Abundant Affordable Natural Gas

There is a good deal of confusion about the amount of natural gas in the U.S. Unfortunately, early published numbers regarding shale gas identified “resources” for various shale plays. The numbers were so large that it caused people to exaggerate and say that we now had a “100 year supply” of natural gas. In the oil & gas industry, resource means the amount of gas or oil that remains underground, and reserve means what could be produced from the resource. Only a portion of the resources can be recovered technically. Only a portion of the technically recoverable resources can be produced economically. Only a portion of the economically producible resources can be converted into supply. This economically producible supply is called a reserve. A reserve is only truly meaningful when you identify the price that is used to establish its size. The volume of the reserve for gas selling at $4 per thousand cubic feet (mcf) is smaller than the reserve for gas at $10-$12 mcf. If you want more gas you will have to pay a higher price for it. An industry insider has noted, “We can have cheap natural gas or we can have plentiful natural gas, but we’re not going to have cheap, plentiful natural gas.”

In the 1990’s natural gas was cheap – $2 mcf. In the easy money days of the early 2000’s the economy picked up; demand exceeded supply; and we started to import natural gas which caused prices to rise to over $13.50 mcf in 2008. Drillers rushed in to the known but undeveloped shale gas formations in hopes of substantial gains. They soon discovered that shale gas wells declined significantly within the first few years of production. Their experience drilling for conventional gas was that wells would decline slowly over several decades.

Developers had big loans to pay for leases and drilling rigs but received much lower than expected revenues because of the rapid well declines. They decided to keep drilling (even at a loss) to generate the cash to pay the loans. All of the drilling greatly increased supply, the economy crashed after the housing crisis, demand sank and prices began to fall.

Wall Street investment bankers stepped in to seize a profit opportunity. They repackaged the drilling leases in much the same way they had repackaged mortgages and resold them for a profit. They resold the leases using drilling history from early profitable wells and said that the parcel was “proved up” and thus a “safe investment”. As worldwide oil prices peaked in 2011, foreign investors rushed in to buy these leases thinking they were gaining access to a long-term supply of cheap gas.

The second group of developers repeated the experience of the first. Production rapidly declined and too few wells were actually profitable. They got on the same treadmill and kept drilling wells to generate cash to meet their debt service. All of these wells added to overall supply and the surplus drove prices lower still. By January, 2012, prices had plunged to under $3 mcf – far too low for operators whose breakeven costs were about $4 – 6 mcf. Many took huge write-downs of their shale gas investments.
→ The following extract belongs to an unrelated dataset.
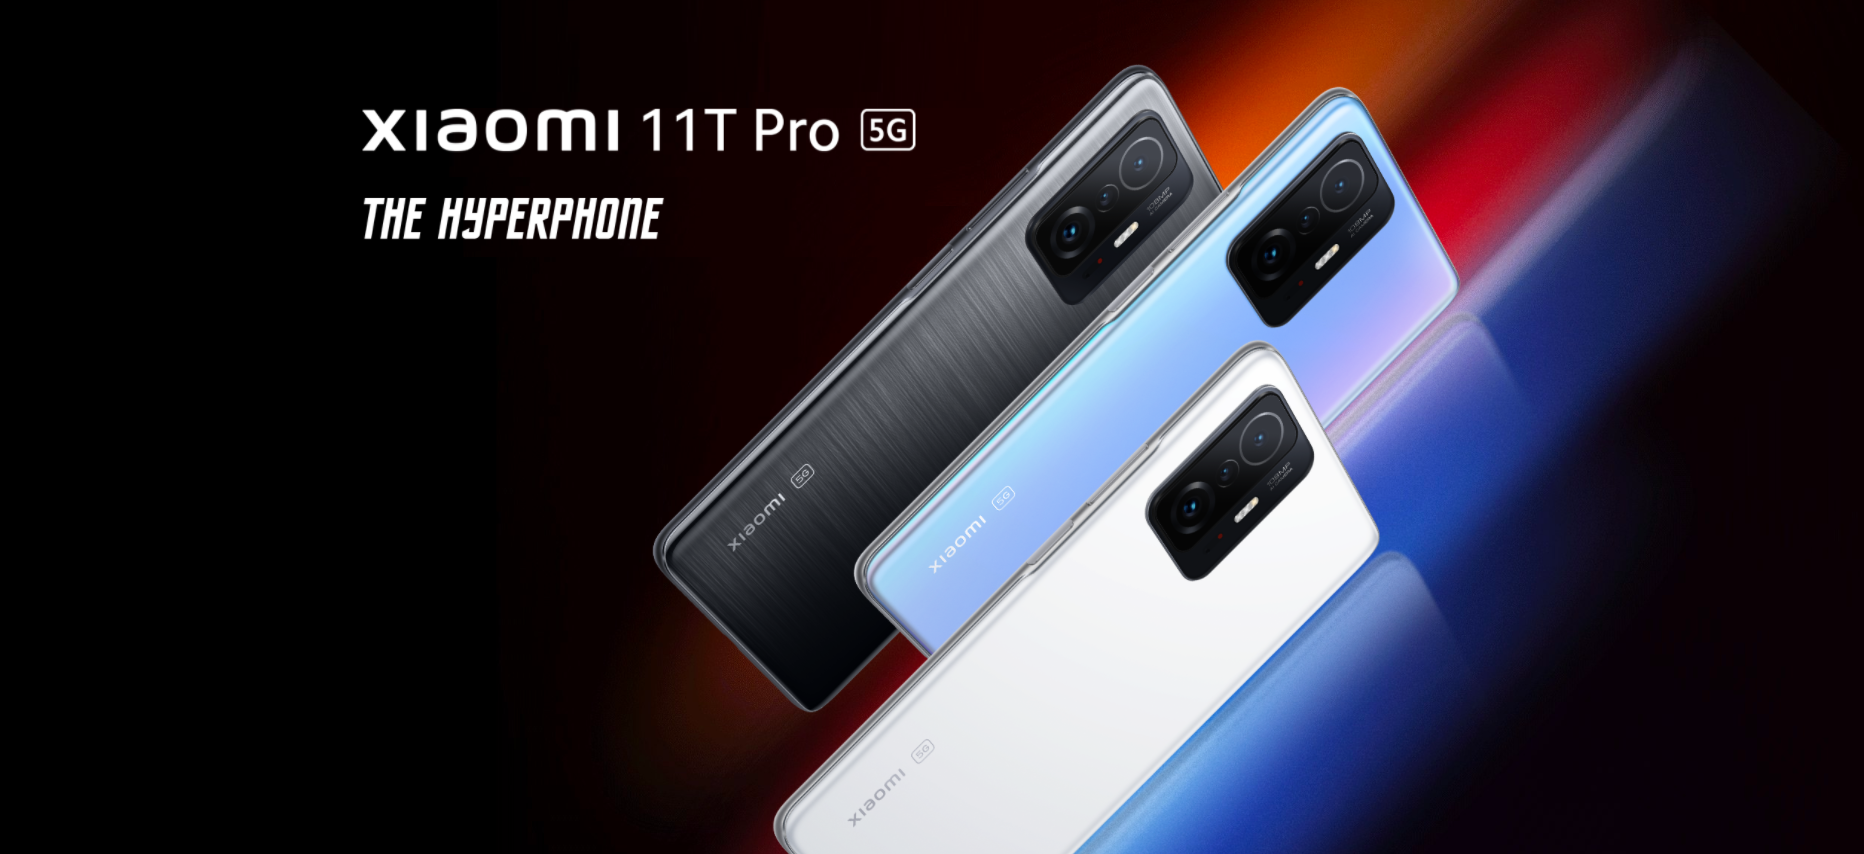 Xiaomi 11T Pro Hyperphone - Snapdragon 888, wyświetlacz 120Hz, ładowanie 120W i aparat 108MP w bardzo niskiej cenie

Investment bankers made more money facilitating mergers and acquisitions with the now ailing companies, to which they had recently sold leases labeled as “safe investments”. Wall Street investment banks continued to promote shale gas plays, despite the experience of developers.

Drillers became very efficient at working the “sweet spots”. Technology advanced so more wells could be drilled from a single drilling rig, making drilling more productive and less expensive.

Although U.S. natural gas supply expanded by 5.2 billion cubic feet per day (Bcf/d) in 2014; demand grew by only 0.9 Bcf/d. Normally, production would be curtailed until supply more closely matched demand and the price increased. But the need for cash flow prevailed and more wells were drilled. But low prices have taken a toll on rig count. U.S. natural gas drilling rigs have fallen by nearly a third, from 320 to 222. U.S. oil drilling rigs have been harder hit, falling by over half, from 1,536 to 642. (This is important because associated gas from crude oil wells accounts for about 10% of natural gas production.)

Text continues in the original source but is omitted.